Loans to Students

Federal Perkins Loan Program*

This need-based program provides loans for students who are enrolled at least half time. A total of $20,000 may be borrowed by an undergraduate, but not more than $4,000 per year. Repayment at a 5% interest rate begins nine months after the student ceases at least half-time enrollment. The available funds are extremely limited.

  • This loan program is currently in a 'wind down' status by the Department of Education. We can only award this to current recipients to enable them to finish their degree program.

Federal Direct Student Loans

The Federal Direct Loan is a low-interest loan that does not have to be repaid until six months after the student graduates or drops below halftime enrollment status. The interest rate is fixed at 6.8%. With the subsidized loan, the government pays the interest while the student is in school and during the six-month grace period. With the unsubsidized loan, the government does not pay the interest while the student is in school or during the six-month grace period. The school uses the FAFSA to determine if the student is eligible for any subsidized amount. Graduate students are not eligible for subsidized amounts. The student can choose to pay the interest as it accrues or allow the interest to capitalize. A 1% origination fee is deducted from each disbursement.

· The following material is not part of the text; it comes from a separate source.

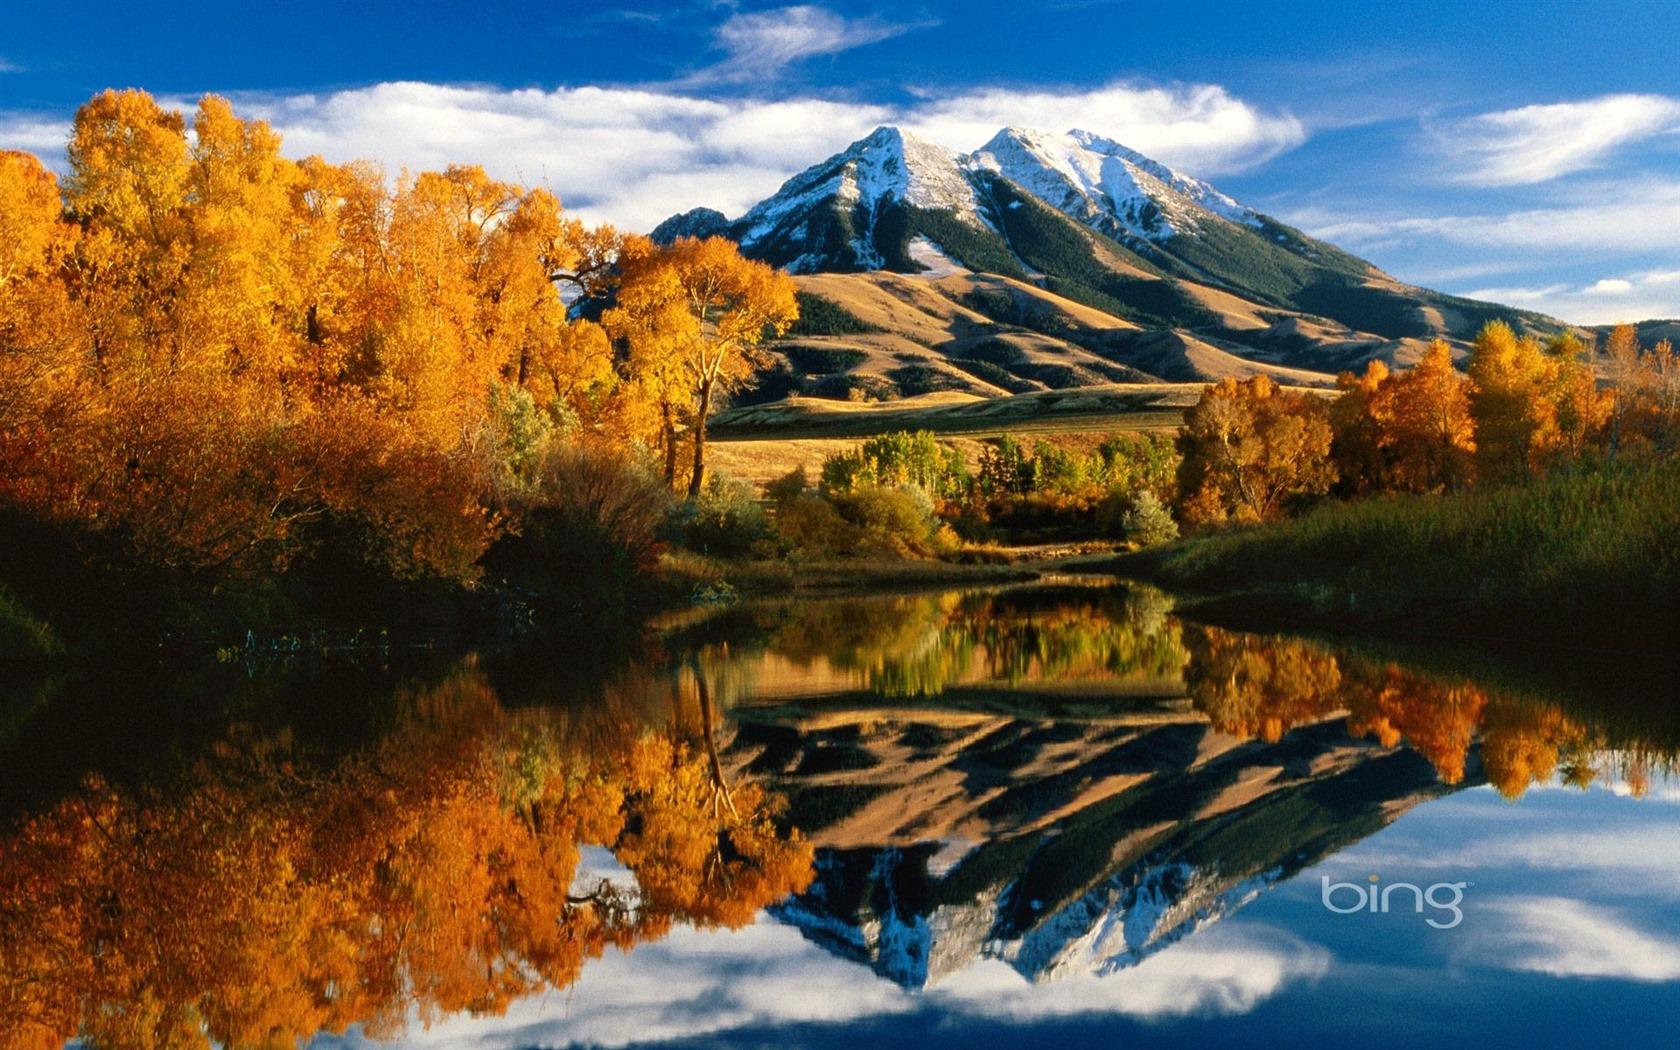 mountain lake widescreen HD wallpaper   1680x1050 Wallpaper Download 1680x1050

The Free Application for Federal Student Aid (FAFSA) must be filed in order to determine subsidized and/or unsubsidized eligibility.

Loan Limits

Status Amount per Year
Freshman $5,500
Sophomore $6,500
Junior $7,500
Senior $7,500
Graduate/Professional $8,500

The combination of the subsidized and the unsubsidized Federal Direct Loans can only exceed the limits shown above for the dependent student when the parent applies for a Parent Loan and is denied. In that event, the student can borrow an additional unsubsidized loan in the amount of $4,000 per year for freshmen and sophomores; $5,000 per year for juniors and seniors. The independent student is not required to go through the parent denial. The graduate student can borrow an additional $12,000 per year as long as it does not exceed the total cost of attendance.

Once awarded, the student will need to log into to complete entrance counseling and to sign the master promissory note.